It will be appreciated from the above that there exists a need in the art for addressing noise and/or damage issue when doors with extended deadbolts are shut, closed, or the like. It may be desirable to quiet the sound of an extended deadbolt when it is closed on a door frame and/or strike plate. It may be also desirable to quiet the sound of the engagement of a metal latch when it hits the metal strike plate. It may also be desirable to address variations in strike plates with respect to variations in strike lip profiles and/or variations of angles of lock latches.

Accordingly to example embodiments of this invention, a structure may be provided for cushioning an extended deadbolt of a door when the door with the extended deadbolt is moved from an open position to a closed position. The inside of the cushioning structure may have springs and/or a soft cushioning material such a foam. It could be one, two or more springs in certain example embodiments, and/or one or more pieces of foam. An example design of a spring may be conical in shape so that it may recess in to itself when fully or substantially fully compressed. A conical spring could also be set inside of a coiled spring that is a fraction (e.g., about half) the height of the conical spring. This may allow the extended deadbolt to bottom out for doors that hit the strike plate and/or frame with a greater speed and force. One could increase the tension on one or more springs. As discussed herein, foam may also be used for force absorbing material in cushioning structures in various embodiments of this invention. The cushioning structure may be telescoping in nature in example embodiments of this invention.

In certain example embodiments of this invention, there is provided a deadbolt cushioning system comprising: a deadbolt cushioning structure attached to a door frame, so that when a door with a fully extended deadbolt closes from a wide open position toward a closed position the extended deadbolt impacts the deadbolt cushioning structure, the deadbolt cushioning structure for preventing the extended deadbolt from impacting the door frame and for preventing the extended deadbolt from impacting a strike plate attached to the door frame; wherein the deadbolt cushioning structure includes a first housing and second housing with a biasing structure provided therebetween, the biasing structure comprising foam and/or a spring; wherein the first housing is affixed to a face of the door frame, wherein the second housing is slidable relative to the first housing, so that when the deadbolt impacts the deadbolt cushioning structure the biasing structure compresses and the second housing slides relative to the first structure and moves toward the face of the door frame to which the first housing is affixed.

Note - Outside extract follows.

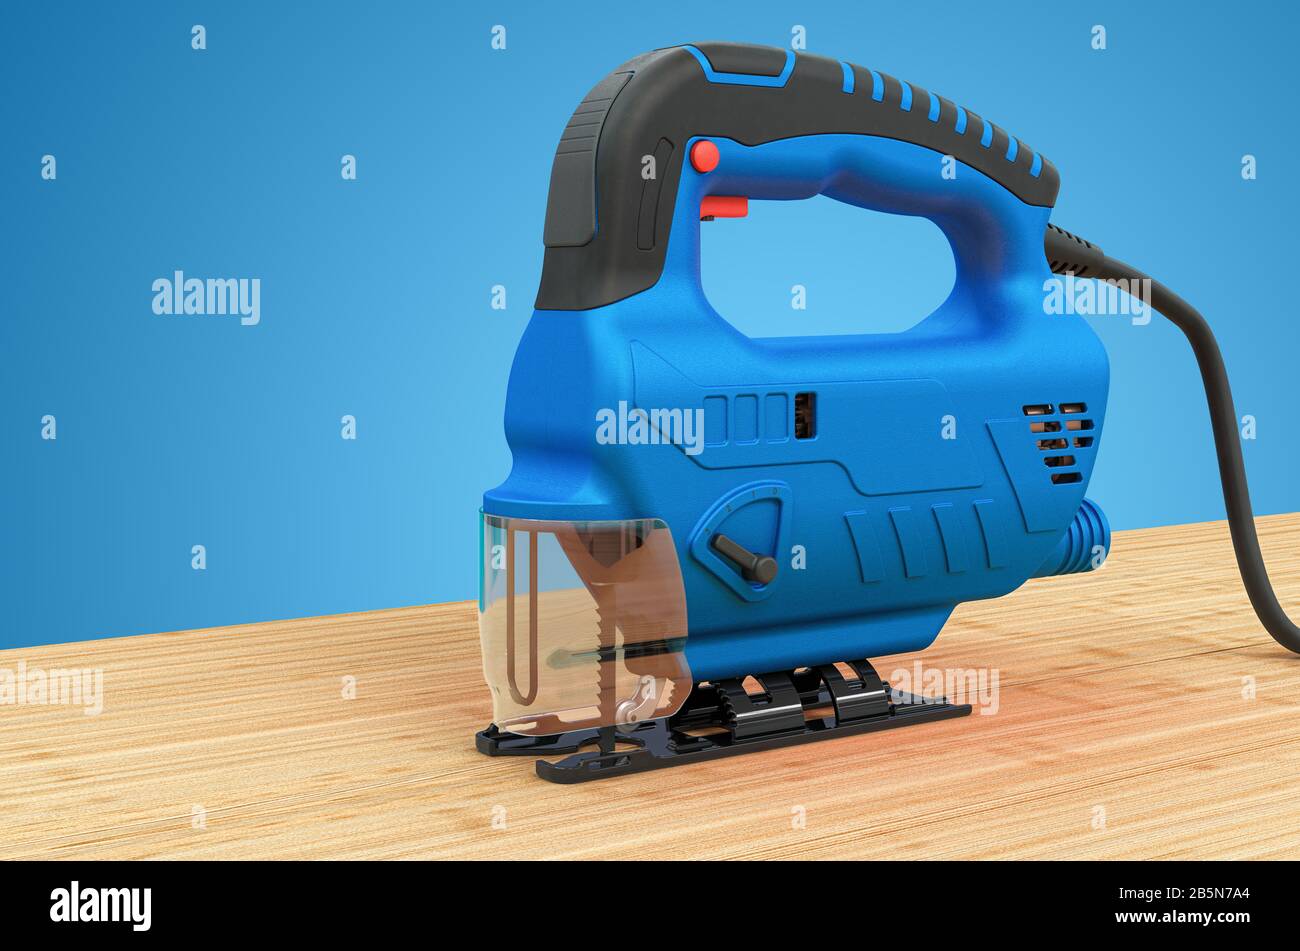 Power jigsaw sawing a wood board, 3D rendering Stock Photo

FIGS. 1(a) and 1(b) are top cross sectional view of a cushioning structure, according to an example embodiment of this invention, as a door with an extended deadbolt is being closed toward a door frame.

FIG. 2(a) is an exploded perspective view of the cushioning structure of FIGS. 1(a)-(b).

FIG. 2(b) is a perspective view of the cushioning structure of FIGS. 1(a)-(b) and 2(a).

FIG. 3 is an exploded perspective view of the cushioning structure of FIGS. 1(a)-(b) and 2(a)-(b), but taken from an inverted perspective compared to FIG. 2(a).

FIGS. 4(a)-4(c) are top views illustrating an example of how a strike plate may be used to help align/locate attachment screws for attaching the cushioning structure to a door frame.

FIG. 5(a) is a perspective view of a cushioning structure according to another example embodiment of this invention.

FIG. 5(b) is an exploded perspective view of the cushioning structure of FIG. 5(a).

FIG. 5(c) is an exploded cross-sectional view of the cushioning structure of FIGS. 5(a)-(b).

FIG. 5(d) is a cross-sectional view of the cushioning structure of FIGS. 5(a)-(c).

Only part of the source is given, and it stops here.